§ **TRY IT**
Nothing but the lines from the one holding "American Lift 6000" to the final line of the listing below, both included, should be repeated, and each must match exactly. Omit pictures.

§ **RECORDED DATA**
━━━━━━━━━━━━━━━━━━━━━━━━━━━━━━

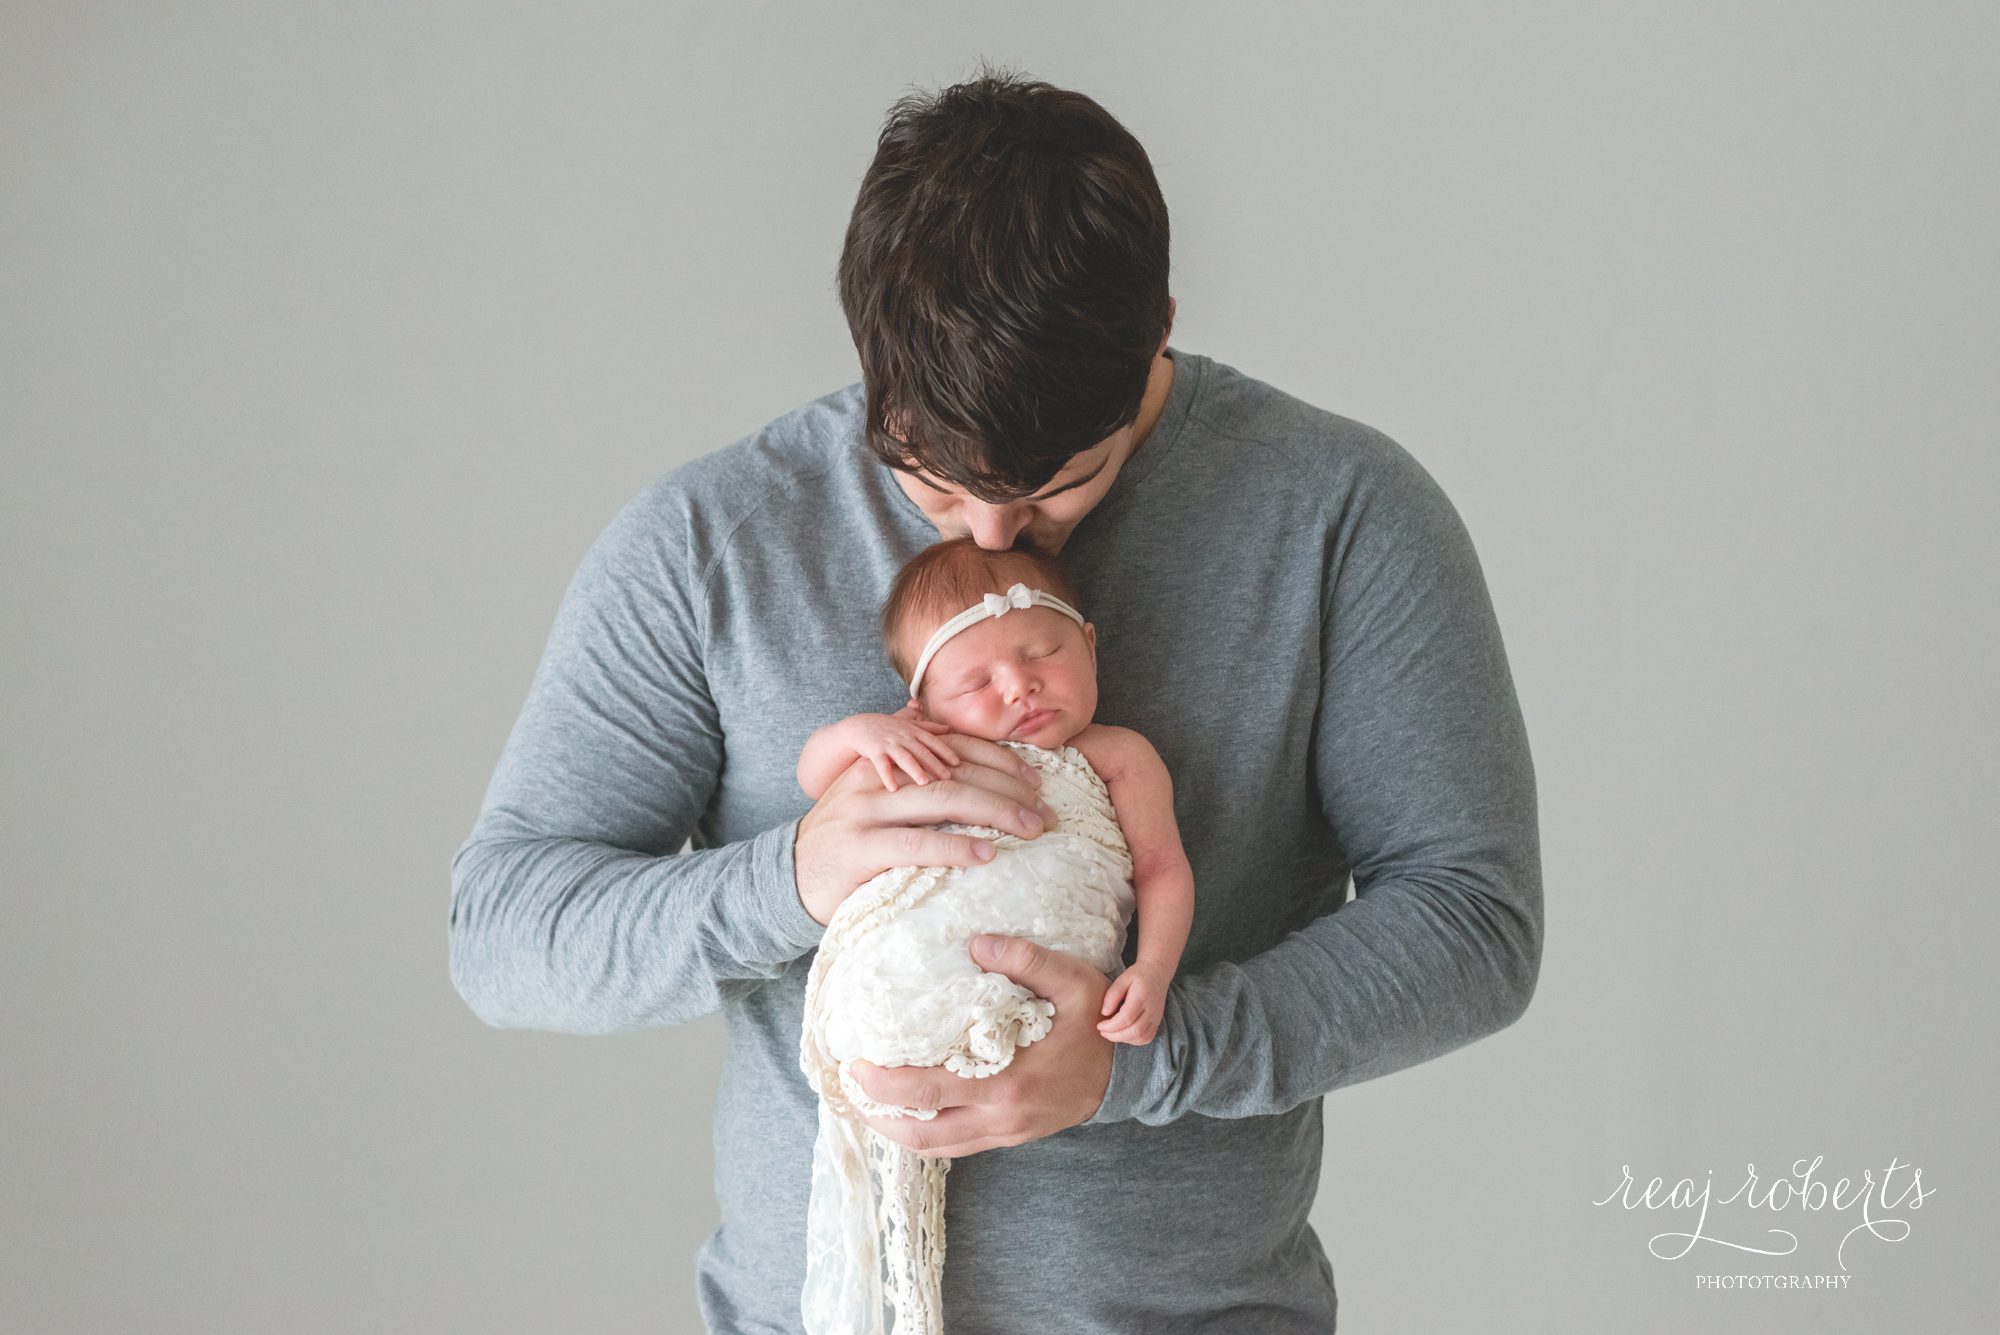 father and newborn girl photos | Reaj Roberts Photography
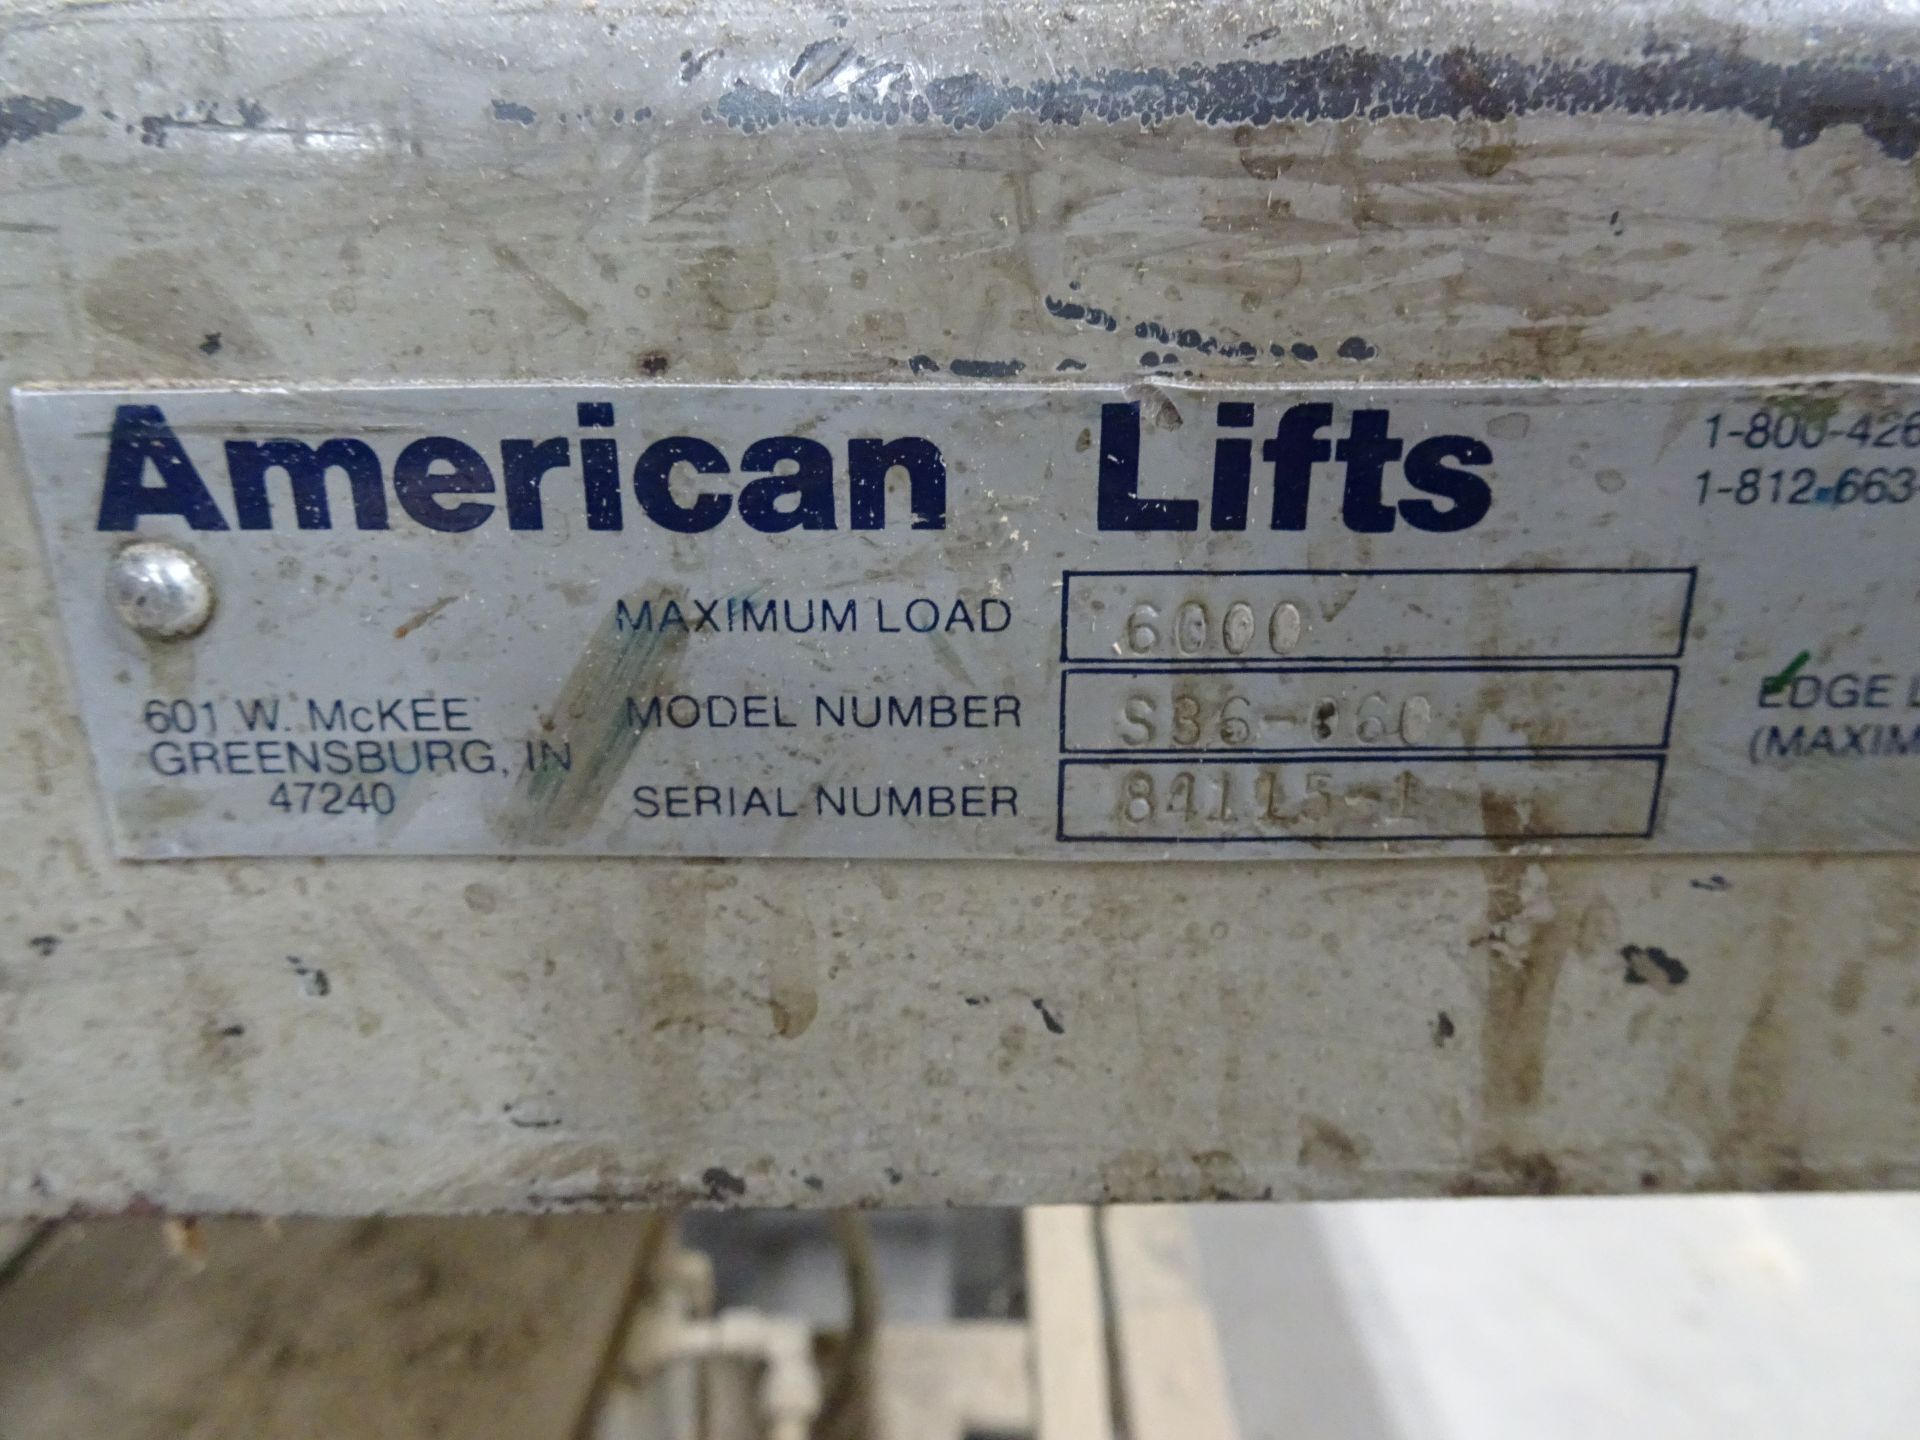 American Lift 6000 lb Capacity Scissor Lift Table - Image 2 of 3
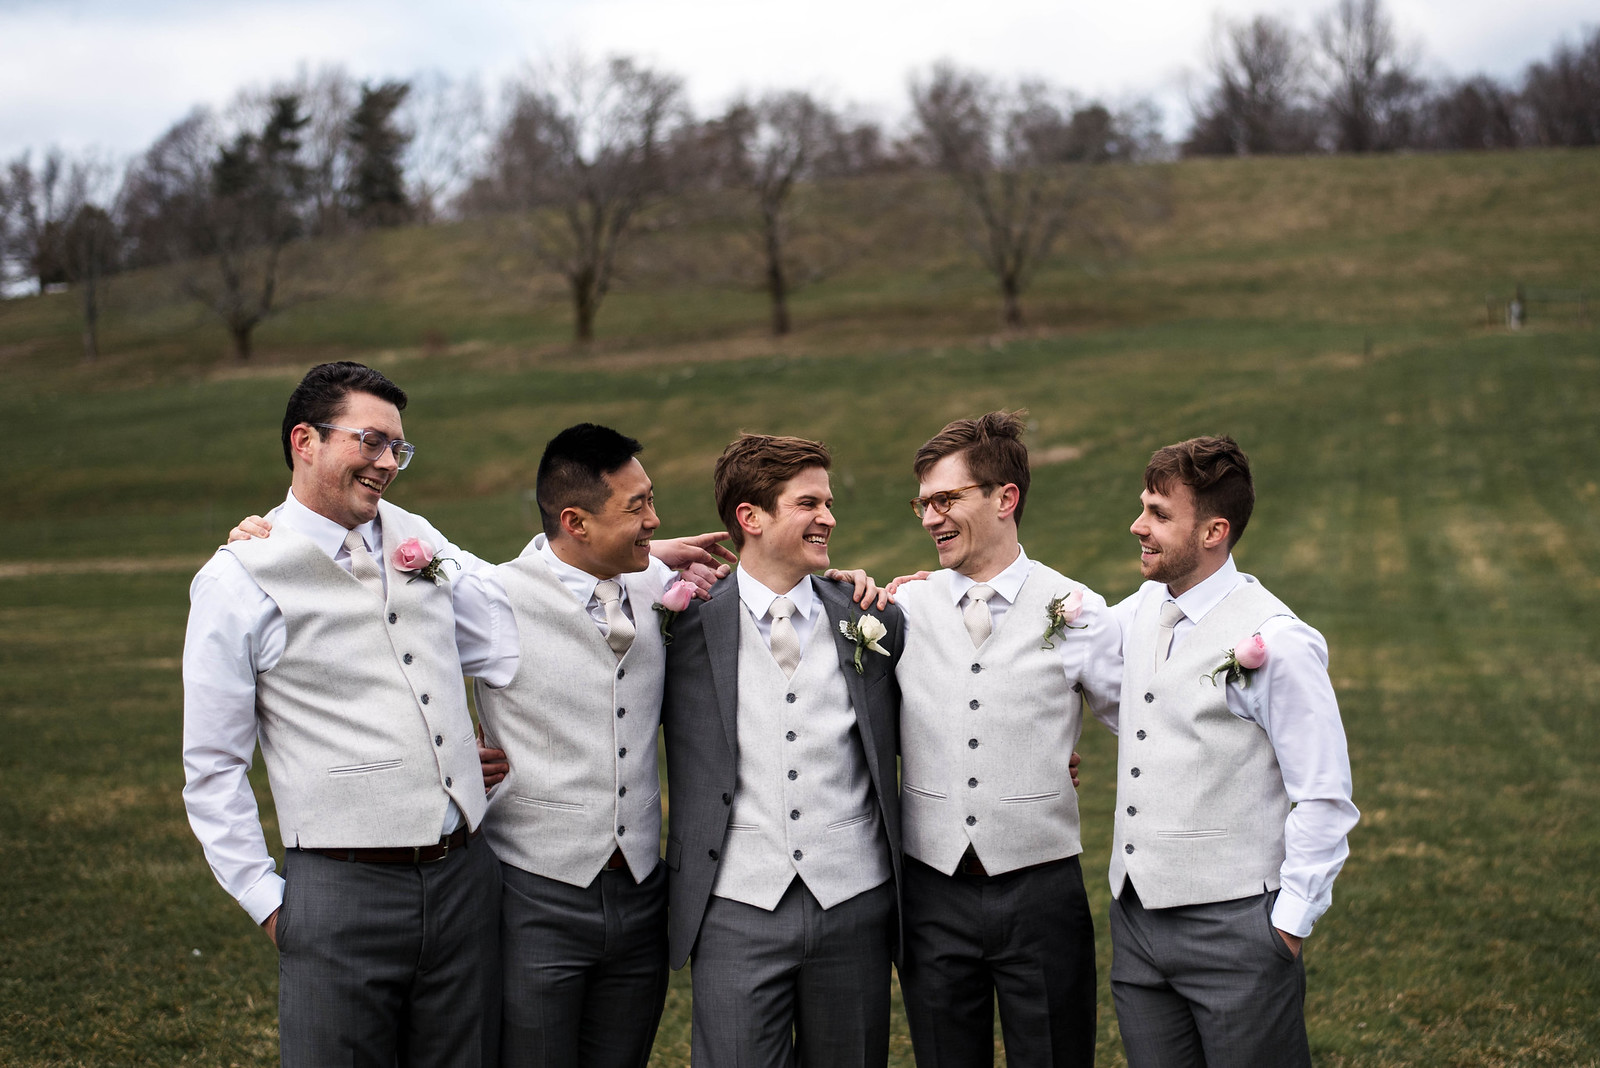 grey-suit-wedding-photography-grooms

━━━━━━━━━━━━━━━━━━━━━━━━━━━━━━

§ **RESPONSE AREA**
 American Lift 6000 lb Capacity Scissor Lift Table - Image 2 of 3
 grey-suit-wedding-photography-grooms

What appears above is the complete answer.